Finra releases budget for first time, foresees declining operating revenues

Regulator reveals plans to hold senior officer salaries flat, and other financials, in transparency effort

Jan 18, 2018 @ 2:49 pm

By Mark Schoeff Jr.

Finra projects declining operating revenues this year but will not raise membership fees in 2018, the broker-dealer regulator said Thursday.

In its first-ever publicly released budget summary, the Financial Industry Regulatory Authority Inc. said operating revenue — generated from fees assessed on a firm's gross revenue, trading volume and number of personnel as well as from user fees — would total $822 million, down from $828.7 million in 2017.

The organization is anticipating its lowest revenue levels since 2013.

"They're taking head-on the industry criticism that they're sitting on a big pile of cash," said Daniel Nathan, a partner at Orrick, Herrington & Sutcliffe and a former Finra vice president and director of regional enforcement. "They're willing to let the industry and public keep them honest and make sure they follow through on their commitments."

Operating expenses this year are projected to be $888 million, down from $890 million in 2017, while capital expenditures are slated for $90 million this year, a decrease from $109.1 million in 2017.

The fiscal pinch comes as the number of brokerages the regulator oversees has decreased from 4,146 in 2013 to about 3,700 today, while the number of registered representatives has remained stable at about 630,000. Finra staff has increased to 3,585 this year, up from 3,489 in 2013.

"Despite our revenue challenges, we will not seek to increase member firm fees at this time," Finra president and chief executive Robert W. Cook and board chairman William H. Heyman wrote in a letter accompanying the summary. "Instead, in line with the [financial guiding] principles, we will leverage our reserves to support our operations while deferring fee increases."

The organization anticipates taking $136 million out of reserves this year to fund the operating shortfall.

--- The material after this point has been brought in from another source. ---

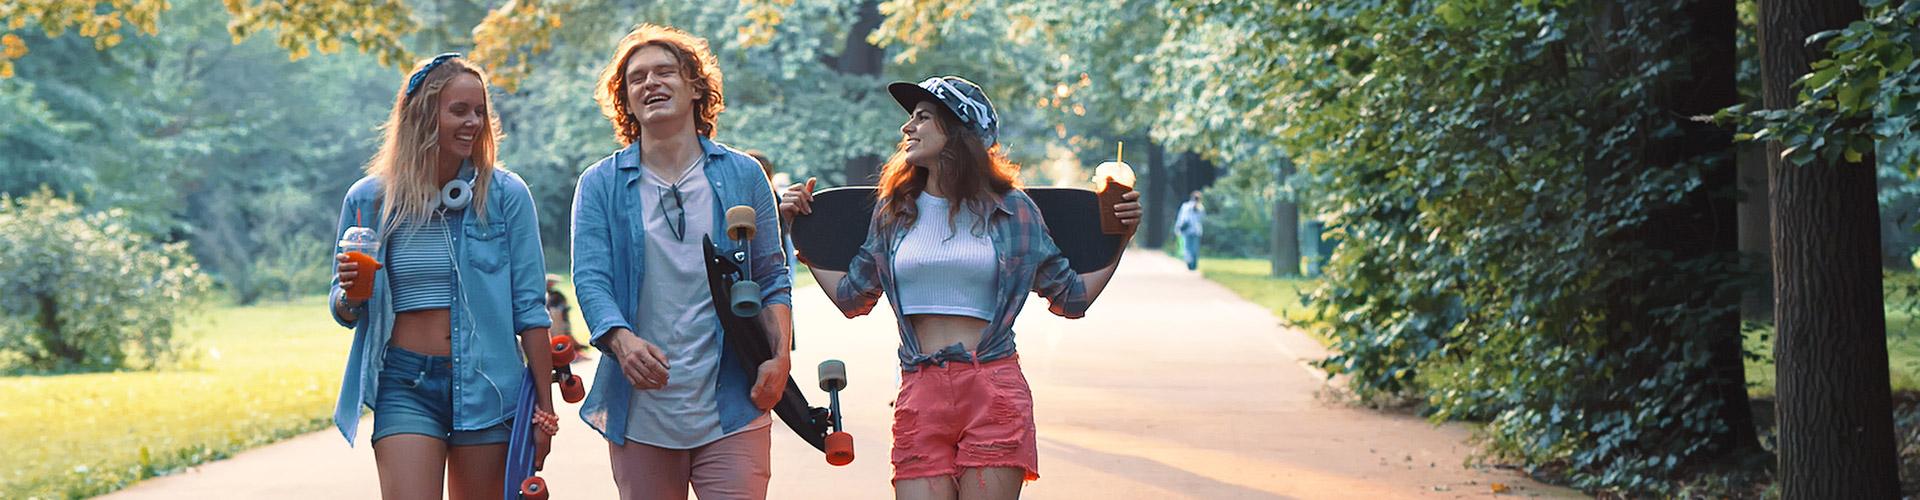 Cuenta Joven In - Grupo de jovenes vestidos con ropa moderna con patinetes, sonriendo junto a un parque rodeado de arboles

In the report, Finra said its goal is to maintain a reserve at the level required for one year's expenditures.

The agency said it is holding its costs flat in part by better managing pay.

"We have reduced incentive compensation and held senior officer salaries flat for the last two years and will hold senior officer salaries flat again in 2018," Mr. Cook and Mr. Heyman wrote.

Finra is trying to live within its means given the changes the brokerage industry is undergoing, said Mark Cresap, president of Cresap Inc. and a former Finra board member.

"Finra is very conscious about not propping up revenues on the back of the industry," Mr. Cresap said. "Robert Cook really understands that you can't just raise revenue 5% to 10% and get away with it. [He] is really interested in right-sizing Finra."

Finra's budget is an example of how it is adjusting to industry developments, according to Financial Services Institute president and chief executive Dale Brown.

"It is clear that Finra has made a concerted effort to adapt to our changing industry, better serve investors and provide more effective oversight of firms," Mr. Brown said in a statement.

Managing the Finra budget will be an ongoing challenge, said Christopher Iacovella, chief executive of the Equity Dealers Association, a trade group of regional broker-dealers.

"They're going to have to really scrutinize their operating expenses if operating revenues continue to decline as they have over the last few years," Mr. Iacovella said.

Finra released its budget for the first time in response to criticism that its operations are opaque. One of the areas that was mentioned in an in-depth InvestmentNews analysis of Finra last fall was the secrecy surrounding its use of fine proceeds, which hit a record $173 million in 2016.

In the budget summary, Finra outlined some ways it has spent fine money in the past, such as funding technology improvements, and pledged to give a "full accounting" of the use of fine money this year in the 2018 annual report.

"At least they're committed to do it," said David Burton, senior economic fellow at the Heritage Foundation. "It's not clear why they didn't do it with respect to 2017. I would prefer that the money be used for wronged-investor reimbursement when they can't recover the money from the firm or the broker."

Finra's transparency effort has emanated from the Finra360 self-examination Mr. Cook launched last year.

Mr. Iacovella said releasing the budget is another way Finra is improving communication.

"This opens up a constructive dialogue between the industry and Finra on a variety of subjects," he said.

Mr. Brown also endorsed Finra's increased transparency.

"They have taken our concerns to heart, and we're encouraged by their progress," he said.